ARM-software / armnn

Arm NN ML Software. The code here is a read-only mirror of https://review.mlplatform.org/admin/repos/ml/armnn
https://developer.arm.com/products/processors/machine-learning/arm-nn
MIT License
1.14k stars 307 forks source link

GpuAcc: only the last created TFLite interpreter/delegate works fine #703

Closed kalesony closed 1 year ago

kalesony commented 1 year ago

We're trying to integrate ARM NN into our Android C++ project. We want to start with the TFLite delegate path.

The key issue here is that if you create multiple TFLite interpreters with ARM NN GpuAcc delegate. store them first and try to execute them later, only the last created interpreter works fine. We were able to reproduce that even when creating two interpreters from the same model file. CpuAcc delegates work fine.

Here is a diff with modifications that need to be applied to armnn/tests/ExecuteNetwork/ExecuteNetwork.cpp (base armnn revision: d625f5e). This tiny change makes ExecuteNetwork create and run two Executors instead of one.

We were able to achieve the same result using an SSD detector from Mediapipe: https://storage.googleapis.com/mediapipe-assets/ssdlite_object_detection.tflite.

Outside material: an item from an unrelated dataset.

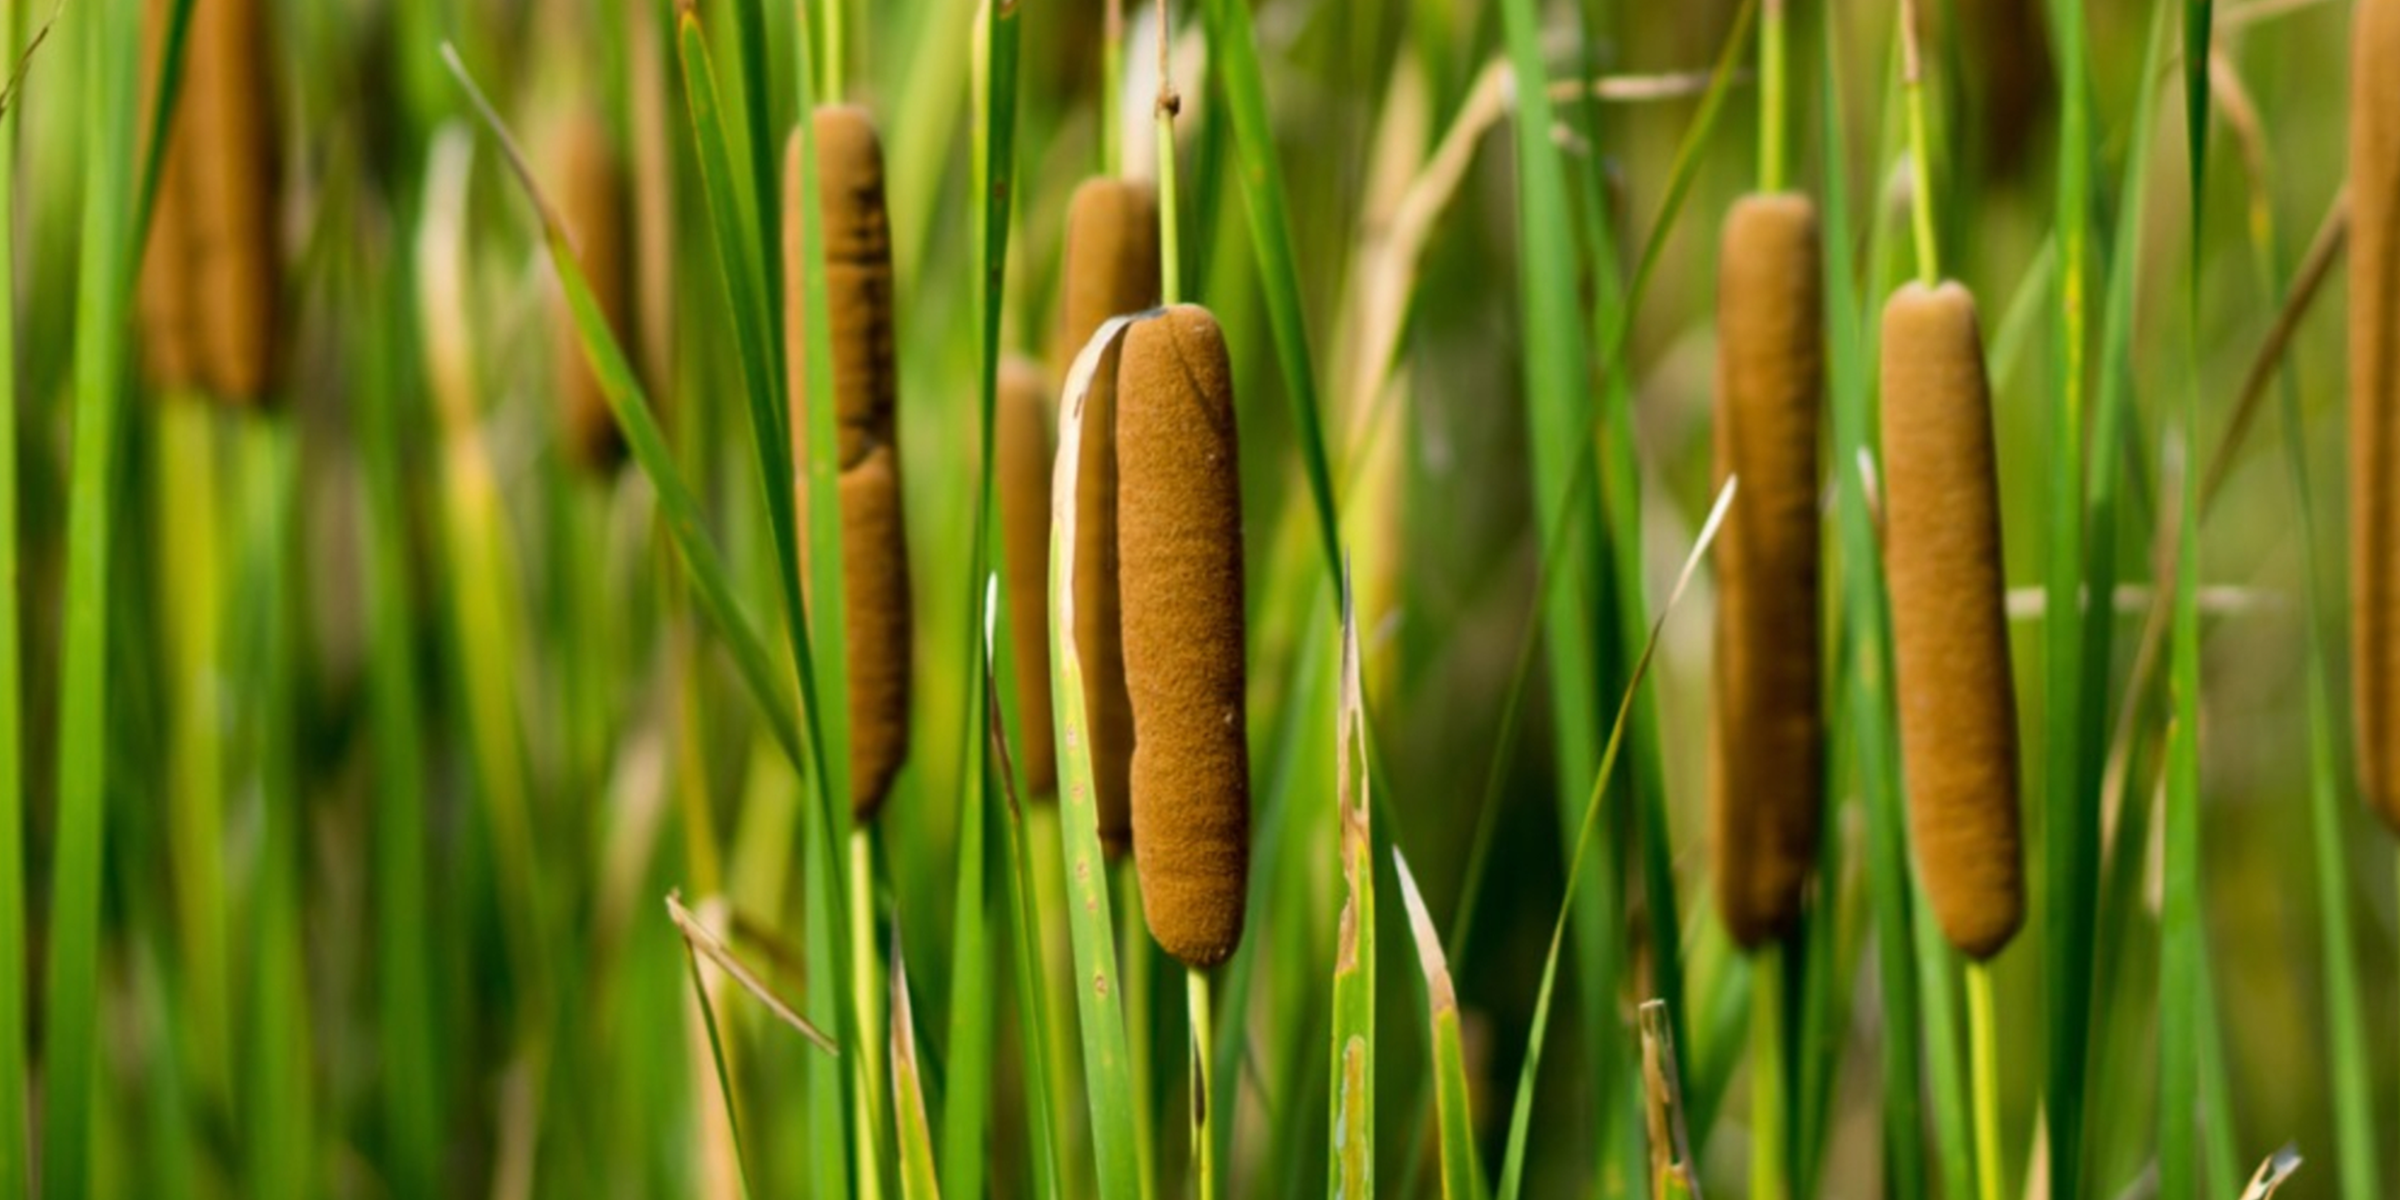 Cattail: Plants the Native Americans used for health benefits
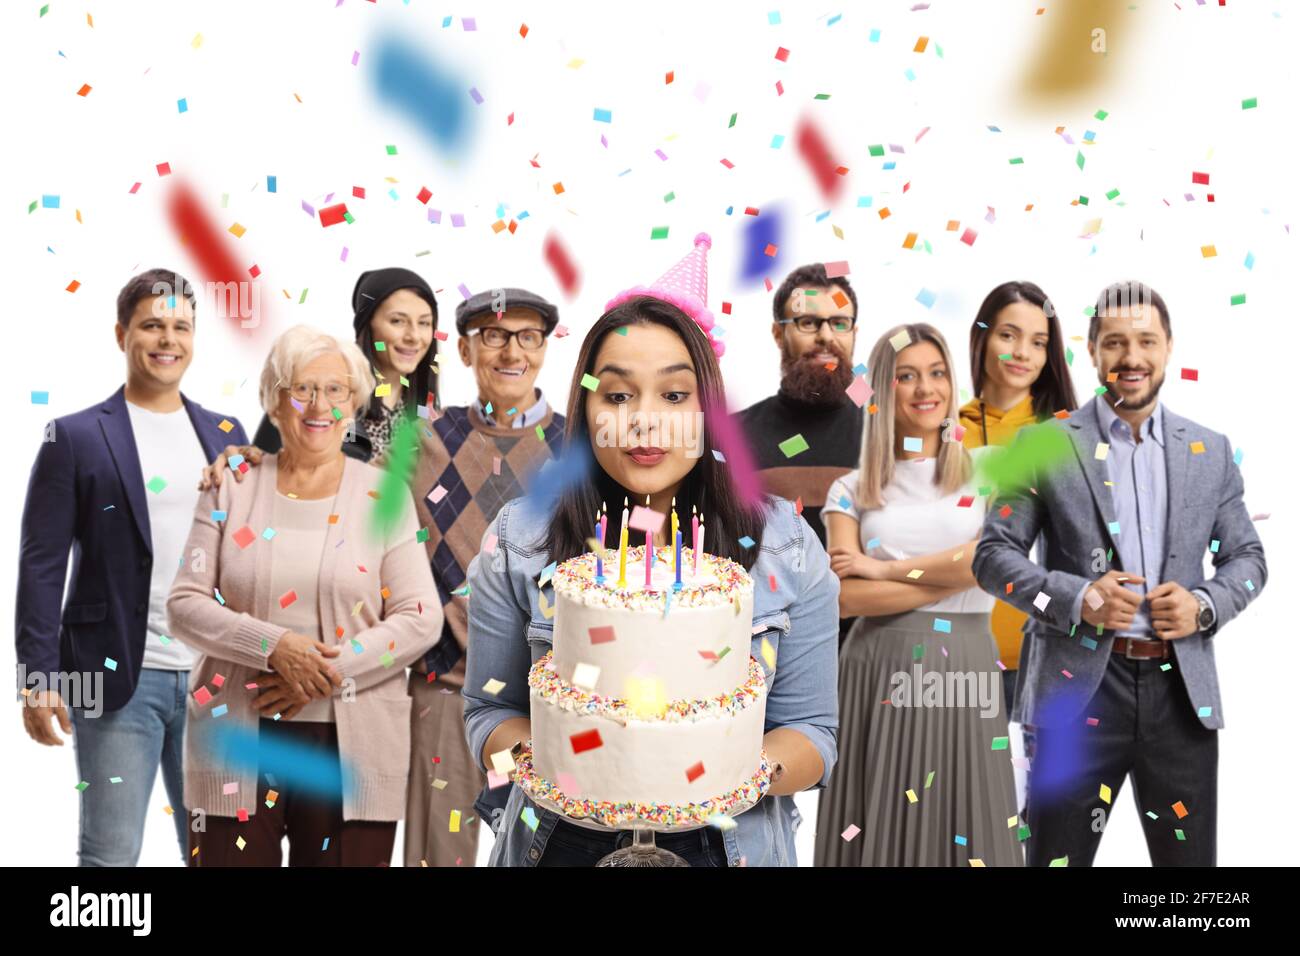 Young woman celebrating birthday and blowing candles on a cake with her family isolated on white background Stock Photo

The built modified ExecuteNetwork exec is deployed along with its standard dependencies and the TFLite model file, run on an Android device using ./ExecuteNetwork -m ssdlite_object_detection.tflite -c GpuAcc -T delegate and yields ERROR: Node number <number> (TfLiteArmNnDelegate) failed to invoke. model invocation error for the first Executor.

MikeJKelly commented 1 year ago

Hi @kalesony

thank you for reporting this issue, I'm trying to recreate it now and hope to have some information soon.

Best regards, Mike

MikeJKelly commented 1 year ago

Hi @kalesony

I was able to recreate the issue, the root of the problem is that the two Executors use two different armnn_delegates which in turn use two different IRuntime's and somehow that's causing the earlier Executors to clear something in OpenCL Context so that the CL Workloads return the following (the Model's execution does not bomb out when using the delegate but it does abort with an error when using our TFLite parser):

Error: An error occurred attempting to execute a workload: CL error: clEnqueueNDRangeKernel. Error code: -34 at function Execute [/home/mickel01/devr/devenv/armnn/src/backends/cl/workloads/ClConvolution2dWorkload.cpp:158 

Error code 34 is CL_INVALID_CONTEXT. I'm currently looking at the lifecycle of the IRuntime's being used and trying to figure out the best way of not having this happen.

Best regards, Mike

MikeJKelly commented 1 year ago

Hi @kalesony

I've created a patch that should resolve this issue for you: https://review.mlplatform.org/c/ml/armnn/+/8673

It has been merged to main and it applies cleanly to the revision you're using, can you try it out and let us know if it works? Thanks!

Best regards, Mike

kalesony commented 1 year ago

Hey @MikeJKelly

Yes, it works now, thanks a lot :).